Two of my friends did the Race For Life today, with my name on their vests. I'm so proud of them, but couldn't face going to watch them. Does that make me selfish?? No, I don't think it does. I just need a lot of space between me and cancer at the moment. I really feel like I just need a break from it.

They've raised lots of money for cancer research though - so well done to them!

Having said that,now it's June I'm hitting anniversaries again... On Tuesday it will be 2 years since my first op (an unsuccessful lumpectomy). 2 whole years. Wow!


Sunday, 13 May 2007

Happy Anniversary to me...

It was two years ago today that I received the terrible diagnosis that would change my life forever. On Friday 13 May 2005 at the age of 33 I was diagnosed with breast cancer.

A day I will never ever forget, but as time goes by a day I hope to think about less and less...


Friday, 11 May 2007

Feeling ropey

Hmm... Just when things were looking up I feel really ropey. I've been feeling a bit dodgy since I had the infusion of zoledronic acid on Wednesday. My head has been a bit odd, yesterday I felt sick and today I feel all fluey and have the mother of all sore throats. Not good.

So, after being back at work for 11 months I am off sick again, and let me tell you I am a bit peeved about that. I wanted to get back to my previous clean sickness record. I know it can't be helped but I just feel like I have fallen at the final hurdle. Another few weeks and I would have notched up a full 12 sickie free months. Hey ho.

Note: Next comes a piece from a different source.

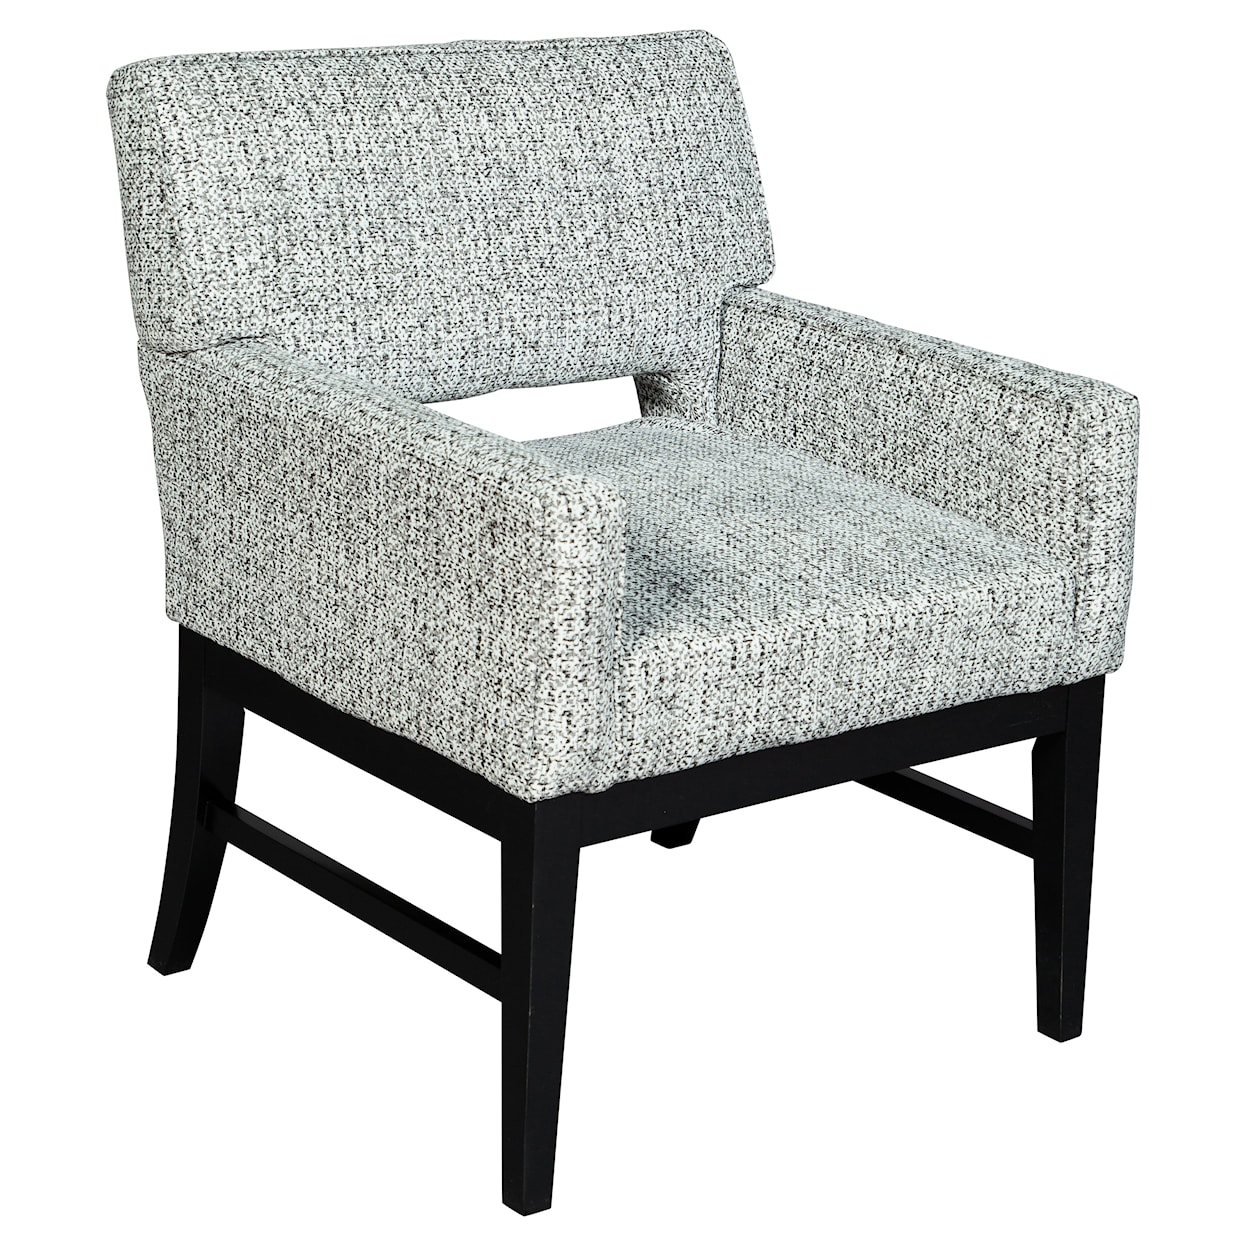 Hekman Upholstery Kami Accent Chair

Felt a bit sorry for myself last night too. Mostly cos I feel crap, and a little bit cos this is the Friday I was diagnosed 2 years ago (it's my "proper" anniversary on the 13th). I thought this particular milestone was going to slip by a little bit unnoticed this year but I seem to have stumbled onto it again...

Wednesday, 18 April 2007

2 years on...

2 years ago today I went to see my gp about a lump in my right breast... What a horrible scary time that was and one that I don't want to dwell on just now because I actually feel quite good at the moment.

Saturday, 5 August 2006

Holidays and anniversaries

Today it is one year since I started chemo. So, to mark the occasion I am off on holiday, to a cottage for a well earned rest.

Wednesday, 19 July 2006

This time last year...

Today is the anniversary of my mastectomy. So, I have spent all afternoon in the pub with 3 of my friends I certainly feel a lot better now than I did a year ago! I left work at 2:30pm, which happened to be the time of my operation last year. How odd (it was definitely luck not judgement!).

Tuesday, 6 June 2006

Another anniversary

Today it is one year since op number one. I feel a damn sight better today than I did this time a year ago!! I was thinking about it last night and in some ways it seems like yesterday - but in other ways it seems like a lifetime ago. Weird.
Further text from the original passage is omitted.